Above, we have dealt with continuous distributions ...

discrete distributions:

The most important one is the Poisson distribution. It takes one parameter

julia> P=Poisson(3)
Poisson{Float64}(λ=3.0)

It gives the number of events which can happen in the unit time:

julia> rand(P)
5
 
julia> rand(P)
1
 
julia> rand(P)
1
 
julia> rand(P)
1
 
julia> rand(P)
2
 
julia> rand(P)
3
 
julia> rand(P)
0

julia> λ=3
 
julia> histogram([rand(P) for i=1:10^5],norm=true,bins=0:15)
 
julia> plot!(collect(0:15).+.5, [λ^k*exp(-λ)/factorial(k) for k=0:15], lw=4, lc=:red)

Variance is equal to the mean:

julia> var([rand(P) for i=1:10^5])
3.0059645571455715
 
julia> mean([rand(P) for i=1:10^5])
2.98864

Let us conclude with a brief look at how to generate random numbers on our own, that is, following any given probability distribution (a positive, normalized function). For instance, let us say we want to simulate the ground state of a particle in a box, with probability distribution over $[0,1]$ given by:

$$\psi^2(x)=2\sin^2(\pi x)$$

We remind that one can use unicode characters (by entering \psi+TAB) to call our density of probability ψ2, which in quantum mechanics is given by the modulus square of the probability amplitude (in 1D the wavefunction can always be taken real so we do not need worry about the modulus):

ψ2(x)=2*sin(pi*x)^2

That's our density of probability:

using LaTeXStrings
default(; w=3)
plot(ψ2,0,1, title=L"2\sin^2(x)", xlabel=L"x", ylabel=L"\psi^2(x)",dpi=150,legend=false)

where we decorated the plot with a lot of options, but the width which we gave as a default attribute, not to do it in the future (and since we like thick lines).

We will compute $\int_0^1\psi^2(x)\,dx$ by computing Riemann sums, i.e., as a sum of parallelograms defined in a partition of the support of the function (here $[0,1]$) cut into $n$ intervals. Calling $f$ the function to integrate, this is defined as:

$$R_n=\sum_{i=1}^{n}f(x_i)\delta(i)$$

a, b = 0, 1; # boundaries
lx=range(a, stop=b, length=11) # list of x intervals
δ=diff(lx) # widths of intervals
lxi=lx[1:end-1] # x_i points of parallelograms

We can now check the normalization:

sum([ψ2(lxi[i])*δ[i] for i=1:length(lxi)])

1.0

The cumulative is obtained as:

Ψ=[sum([ψ2(lxi[i])*δ[i] for i=1:j]) for j=1:length(lxi)]

This is the result for 100 intervals (length=101 above):

plot(lxi, Ψ, legend=false, title="Cumulative")

Now the generation of a random number following the initial distribution works as follows.

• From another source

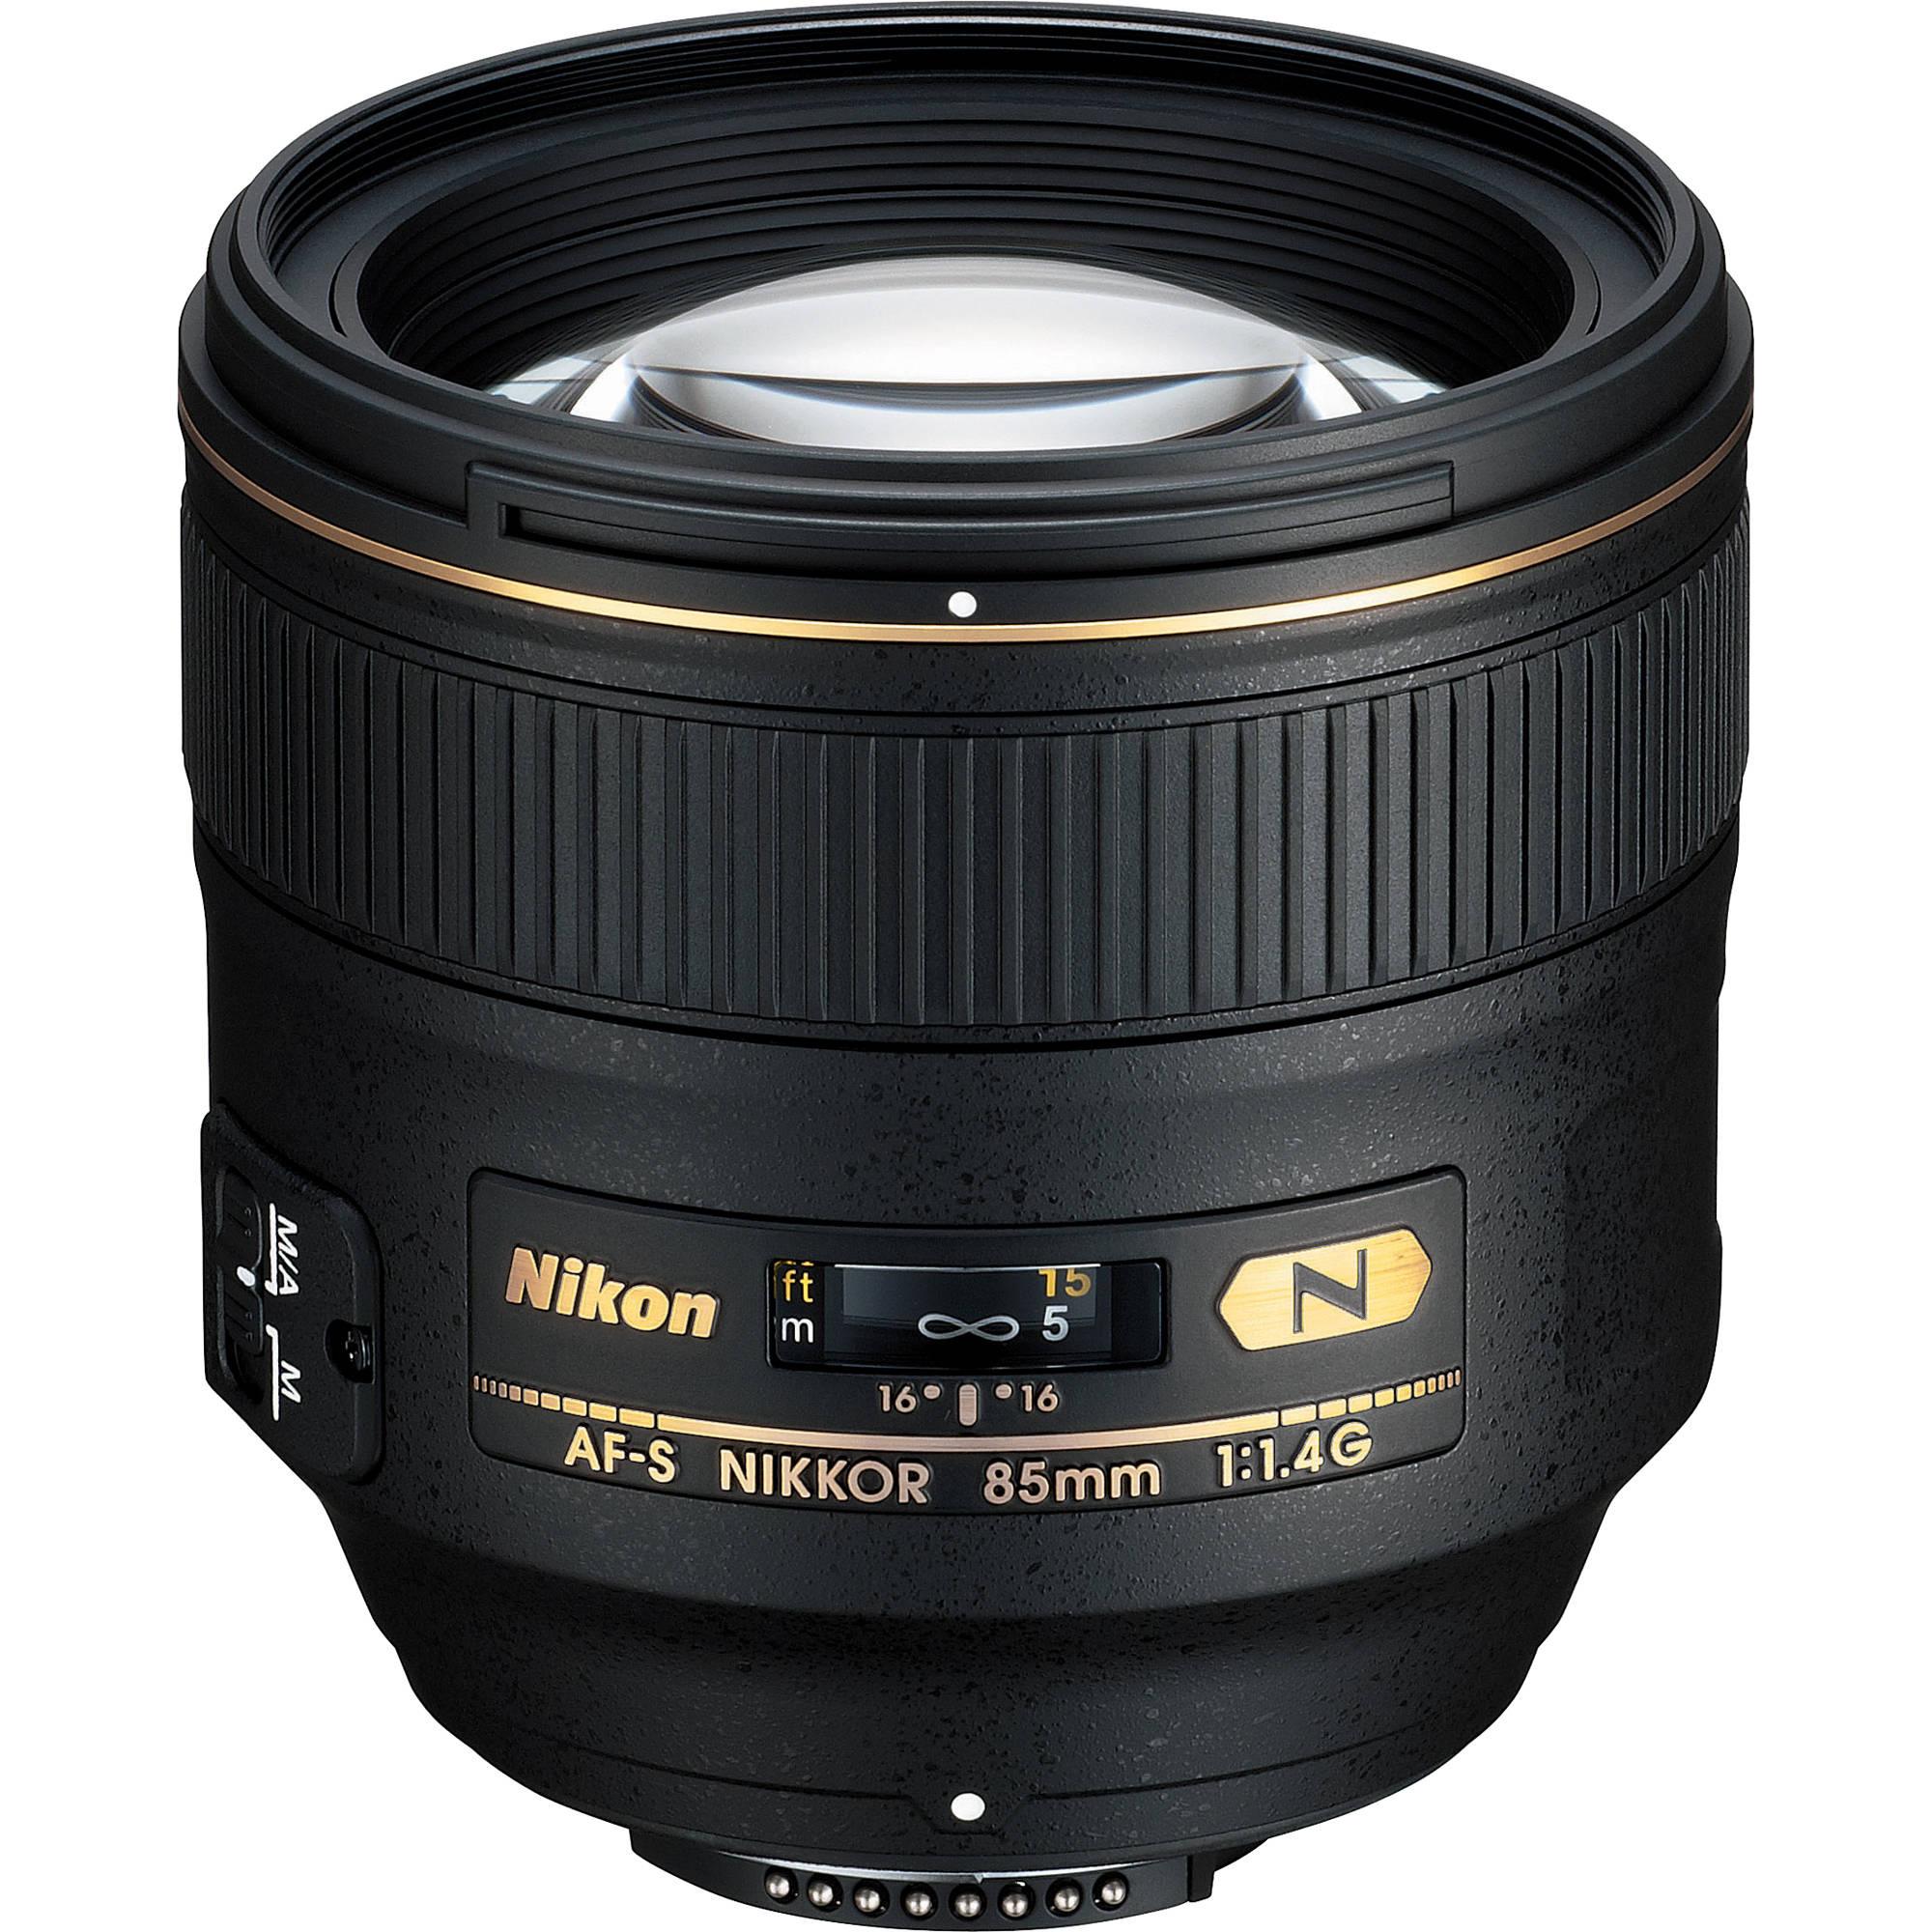 Nikon Telephoto AF-S 85mm f1.4G Lens

We select randomly (uniformly) a number on the $y$-axis of the cumulative and find the corresponding $x$ such that $F(x)=y$. Those $x$ are $f$ distributed.

This can be simply achieved as follows (later we'll see a more sophisticated way):

yr=rand()
fx=lx[[findmin(abs.(Ψ.-rand()))[2] for i=1:10]]

Here are some positions where our ground state collapsed:

10-element Array{Float64,1}:
 0.55
 0.96
 0.24
 0.5 
 0.58
 0.16
 0.67
 0.74
 0.08
 0.46

histogram(lx[[findmin(abs.(Ψ.-rand()))[2] for i=1:10^7]], bins=0:.01:1,norm=true)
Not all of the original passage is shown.